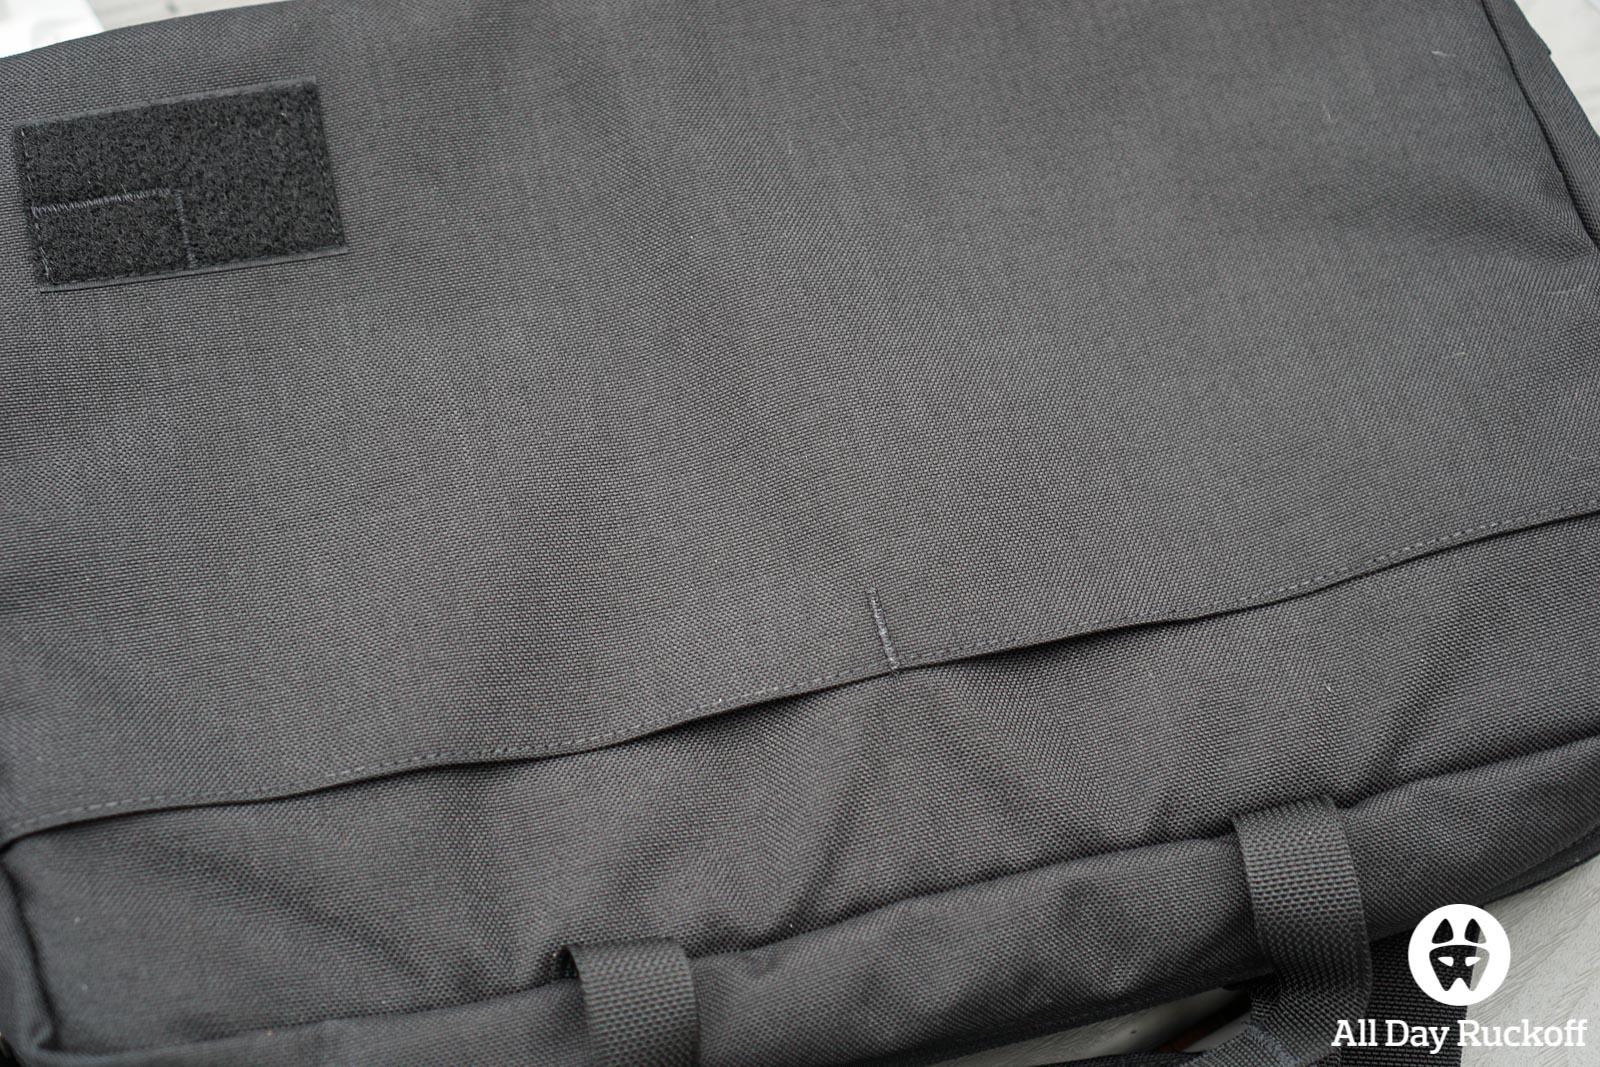 GORUCK Shoulder Bag 15L - Outside Pockets
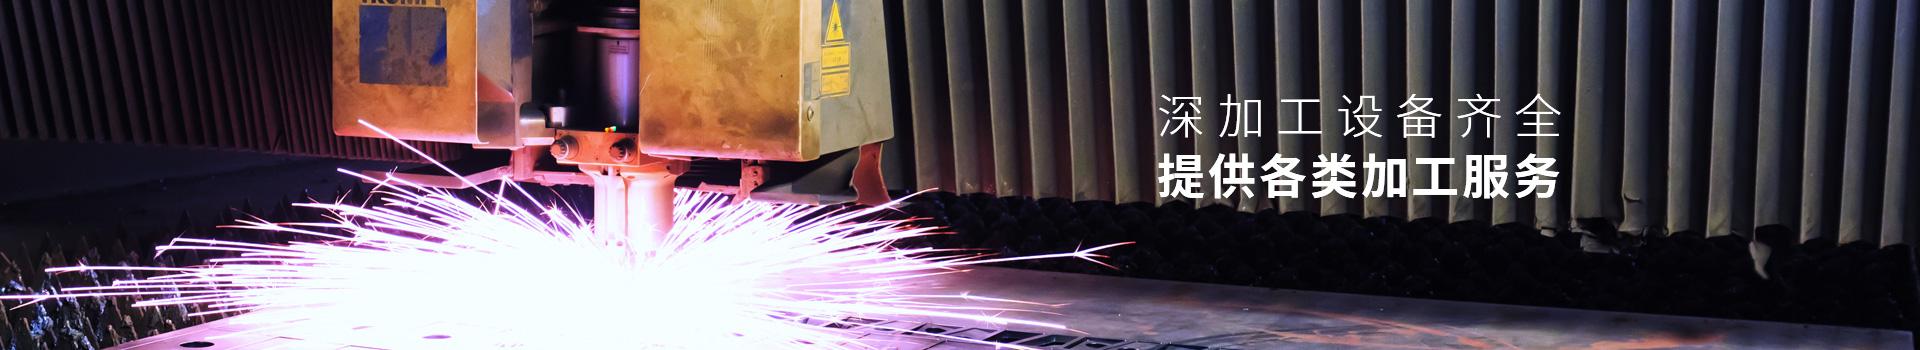 海润钢铁-深加工设备齐全,提供各类加工服务
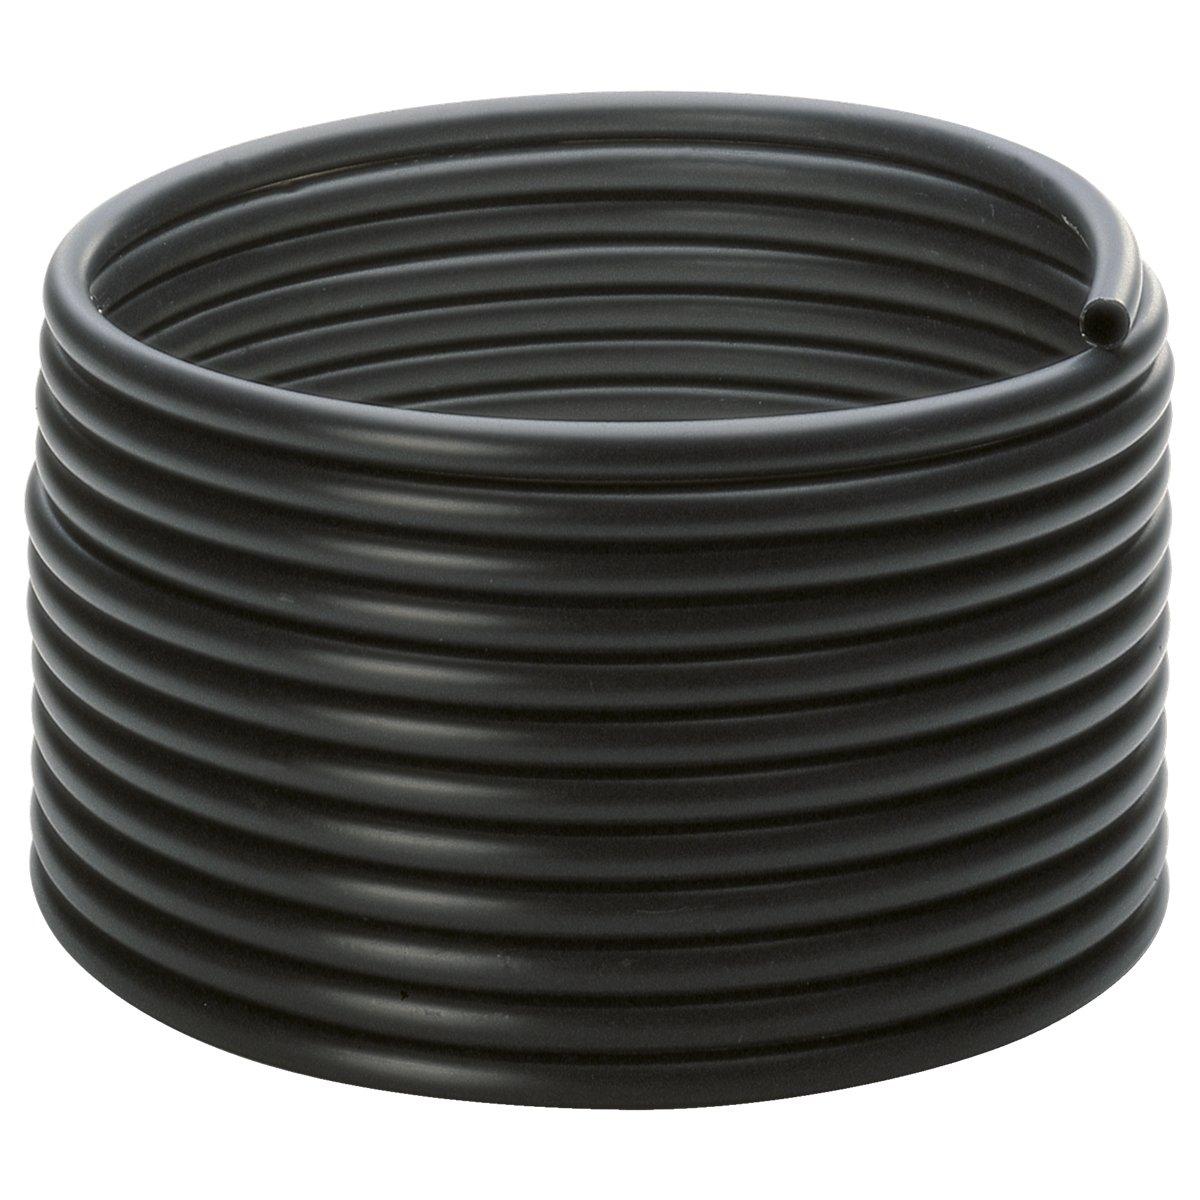 GARDENA 1348-U Supply Pipe 3/16'' X 164' - Micro Drip System by Gardena
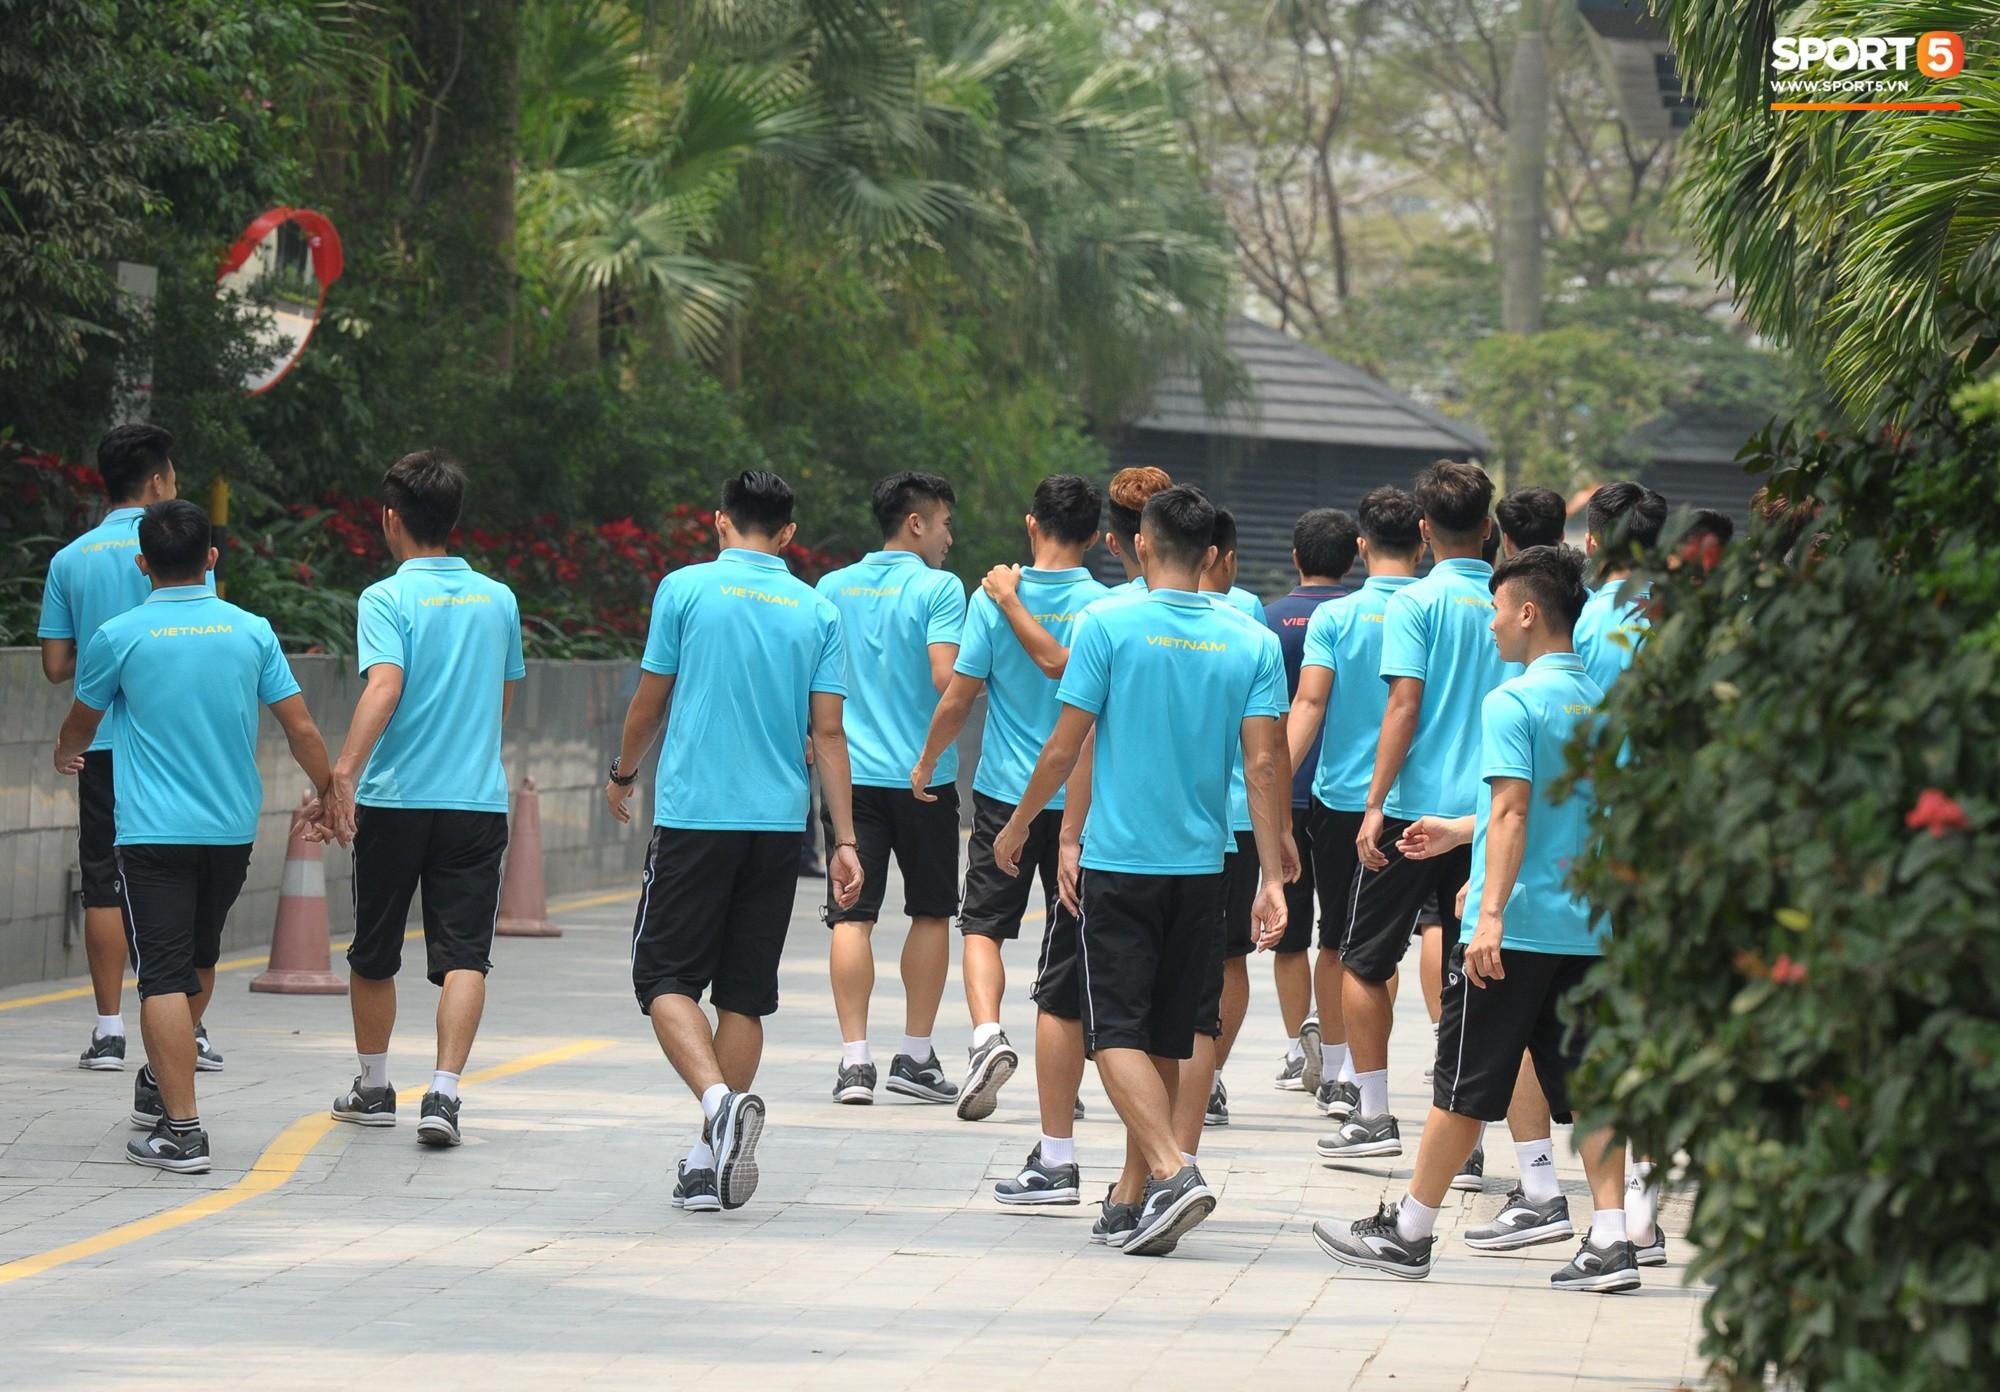 Quang Hải, Đình Trọng nhăn nhó khi đi bộ thể dục lúc 12h trưa-7

- [Required work]: Return only the lines from the one that contains "GARDENA 1348-U Supply" through the closing line of the data, inclusive, reproduced exactly and with every picture left out.

- [Solution to the problem]:
 GARDENA 1348-U Supply Pipe 3/16'' X 164' - Micro Drip System by Gardena
 Quang Hải, Đình Trọng nhăn nhó khi đi bộ thể dục lúc 12h trưa-7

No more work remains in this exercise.